(Photo – Left to Right) Kieran McLaughlin, Rob Ribchester, Andrew Wilson, Gavin Vest and Sally Harrod
Construction work has now concluded after an extensive refurbishment programme resulting from the merger of two of the country’s oldest schools – Durham School and The Chorister School.
From September 2021, Durham School and The Chorister School, which have shared a heritage of 600 years, began to operate under one single Foundation known as The Durham Cathedral Schools Foundation.
Preparatory work began for the award-winning architect, Howarth Litchfield, during the summer of 2020, when the practice was appointed jointly by Durham Cathedral and Durham School to undertake building condition surveys of The Chorister School buildings, which are a mixture of Grade I, II and II* listings and to develop a schedule of works and necessary repairs.
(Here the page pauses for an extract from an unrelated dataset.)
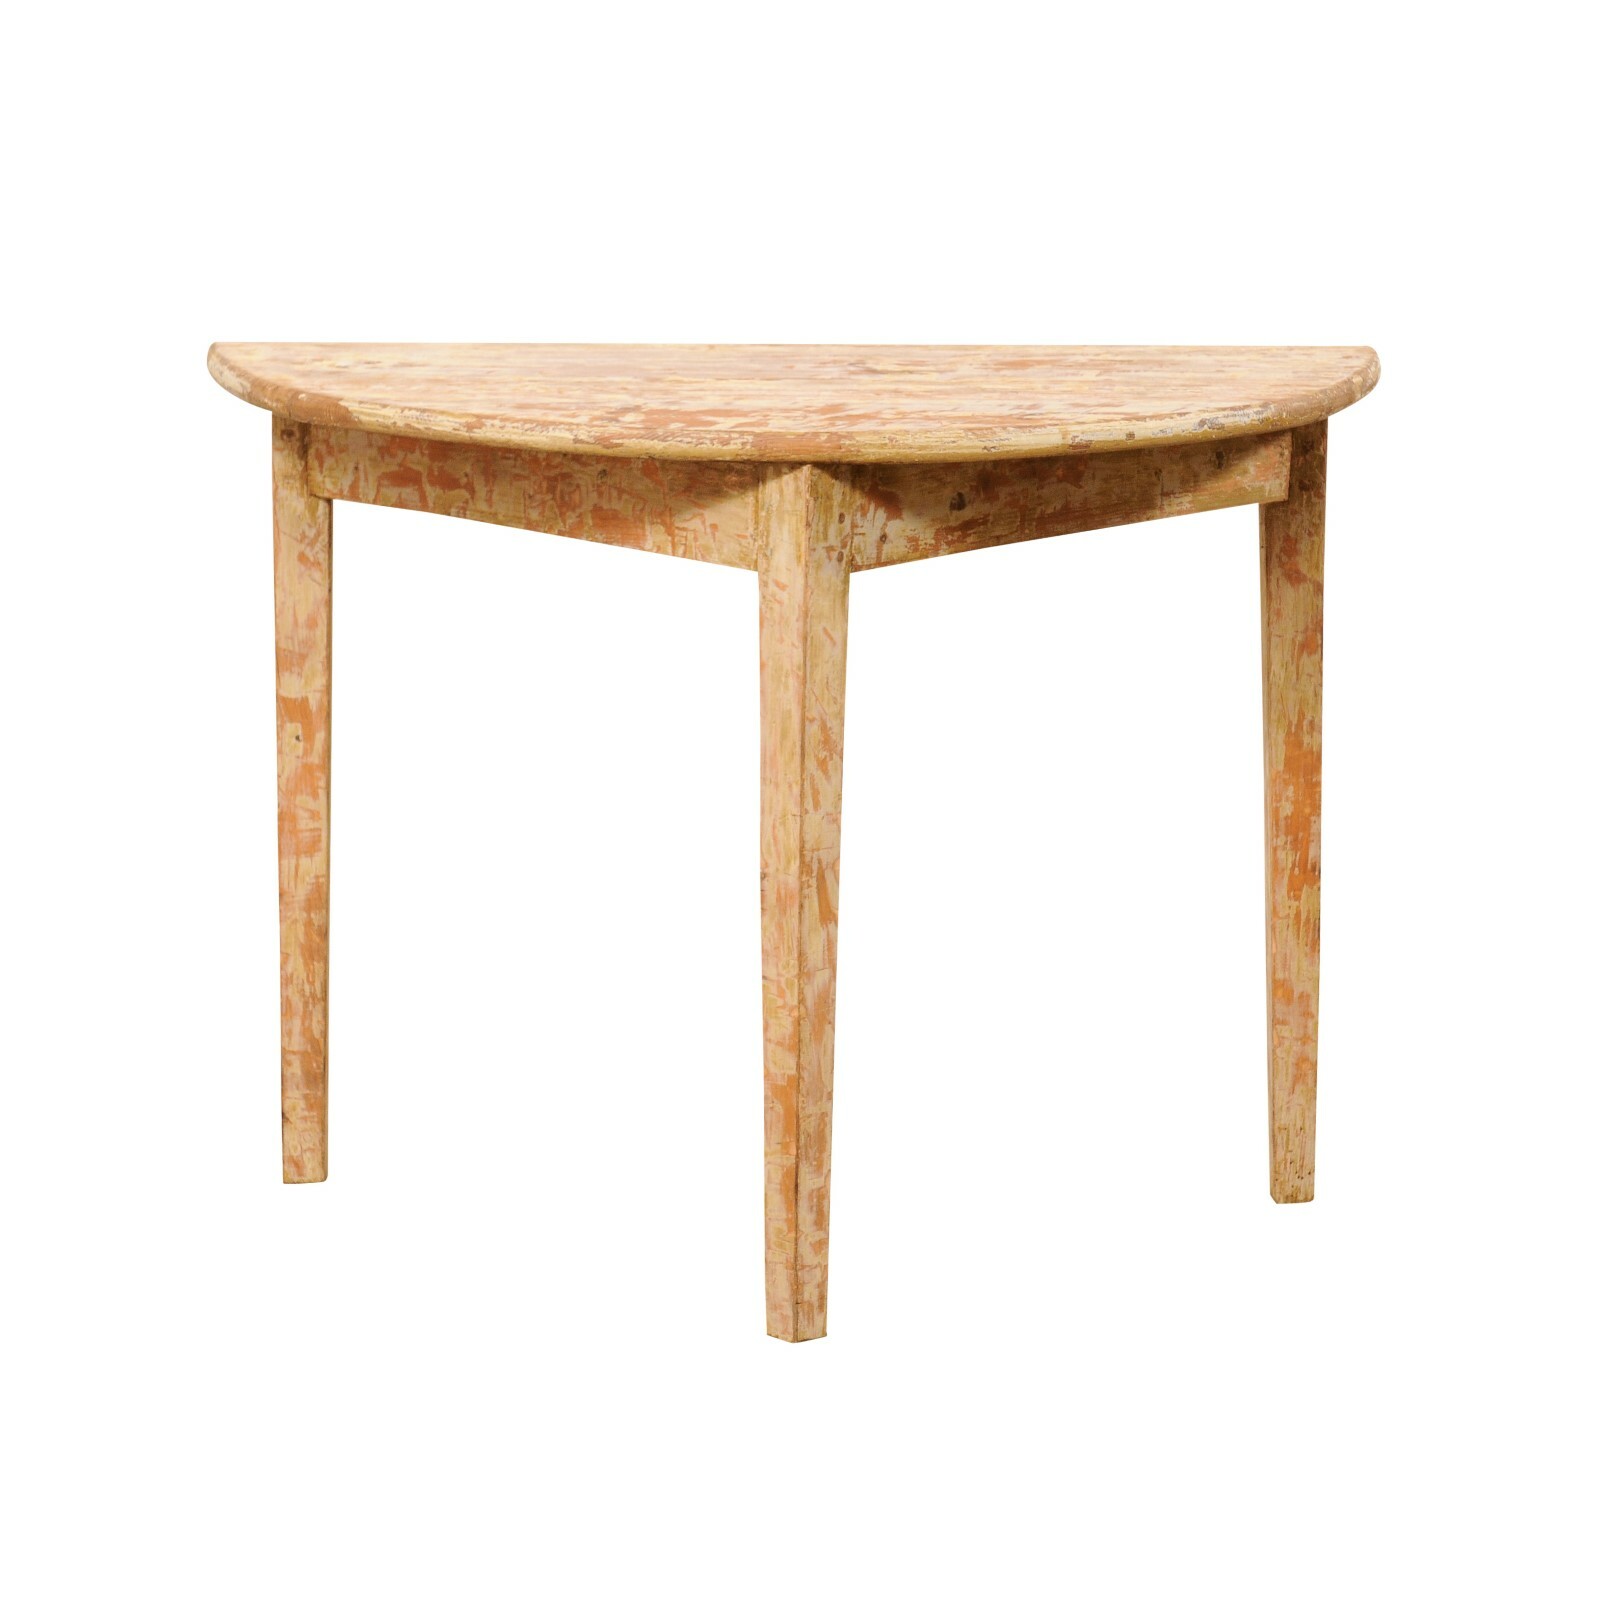 Swedish Wooden Demi-Lune Table, 19th C.

By June 2021, the firm embarked on the necessary construction work to enhance the learning environment for students with a brief to ensure that all construction work was completed and the newly refurbished areas ready in time for the start of the new academic year.
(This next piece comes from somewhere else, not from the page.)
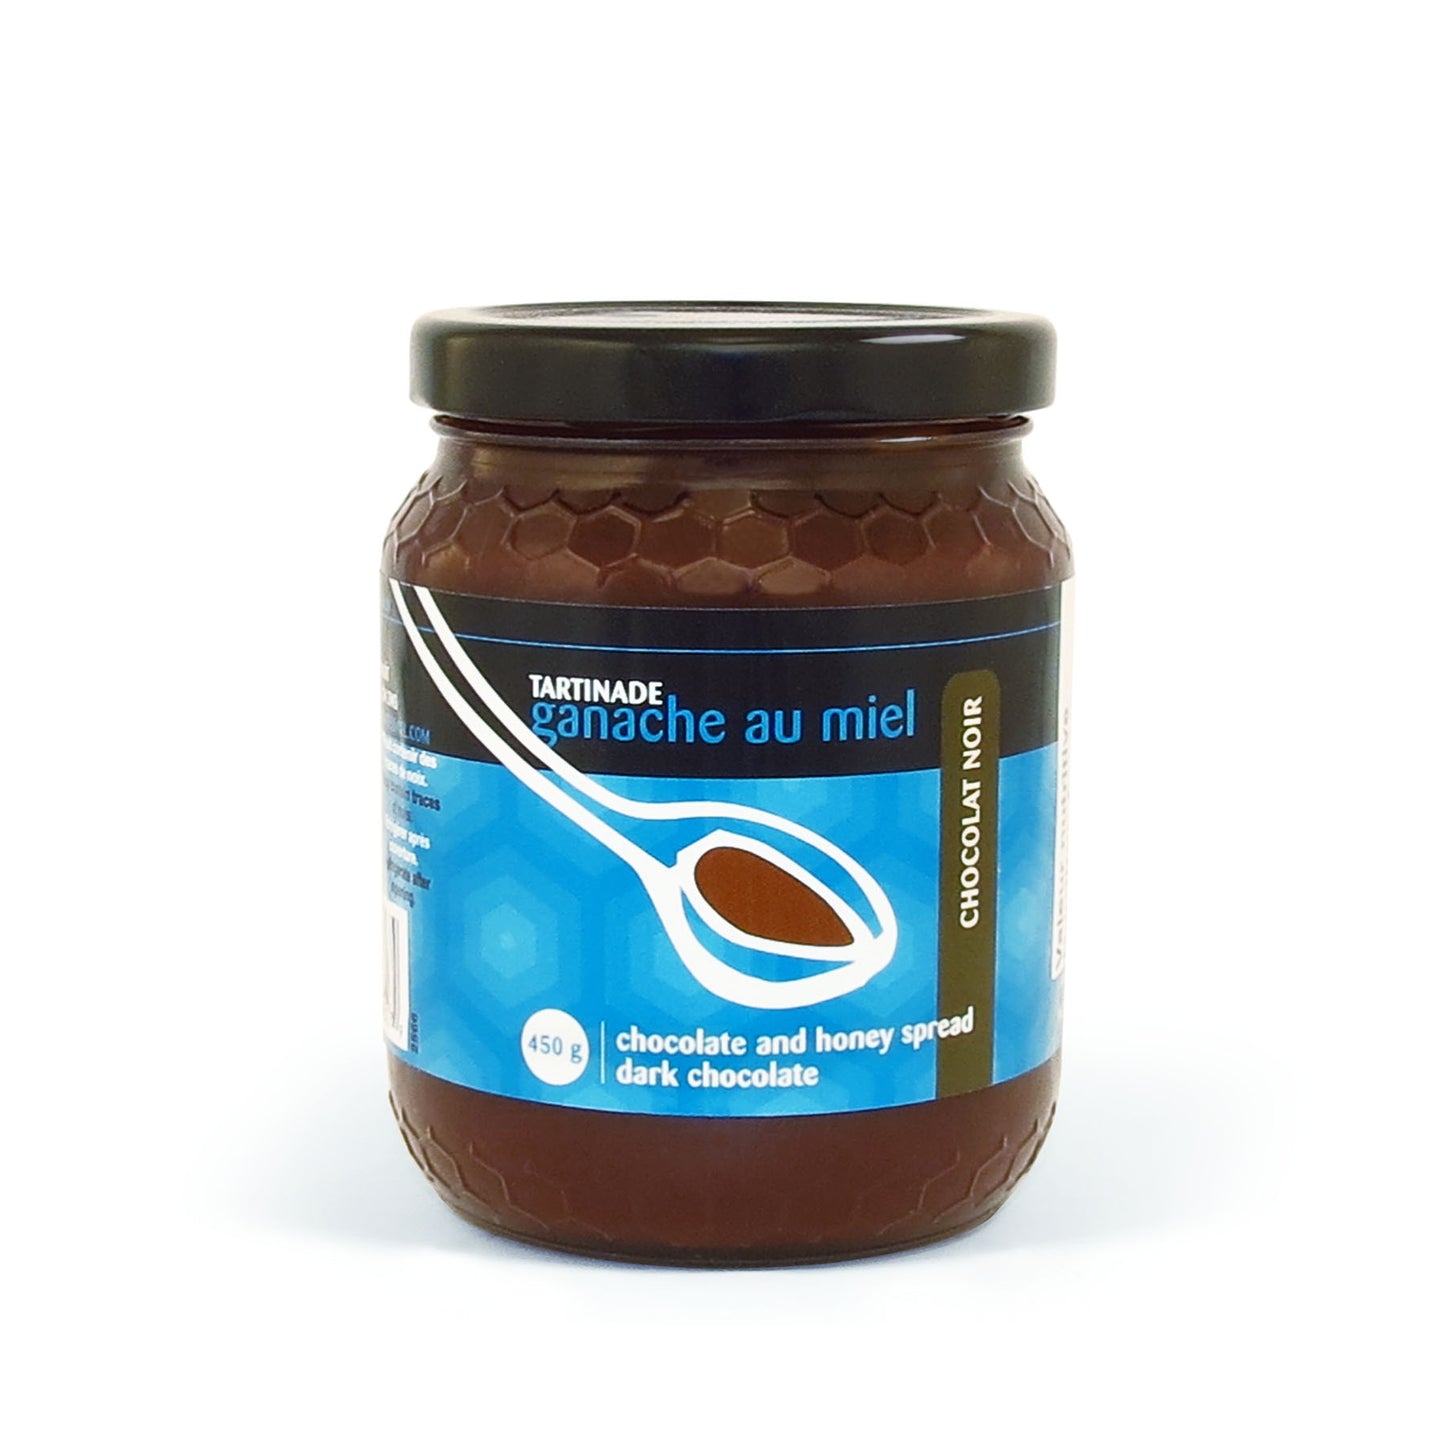 Jar of Chocolate and honey spread

Neil Turner, director and conservation architect of Howarth Litchfield, says: “Due to a long-term relationship with the cathedral, which has developed over the years on the back of successful project completions, and particularly due to our extensive conservation and ancient buildings’ knowledge, we were appointed directly by Durham Cathedral to provide architectural, interior design and principal designer services for the necessary improvement works.
“These included refurbishment of six existing rooms – the IT suite, a teaching room, boarders’ common room and medical room. The completed work has enhanced the learning experience for students of all ages with updated facilities and forms the first phase of improvement works with upgrades to other areas planned in the future.”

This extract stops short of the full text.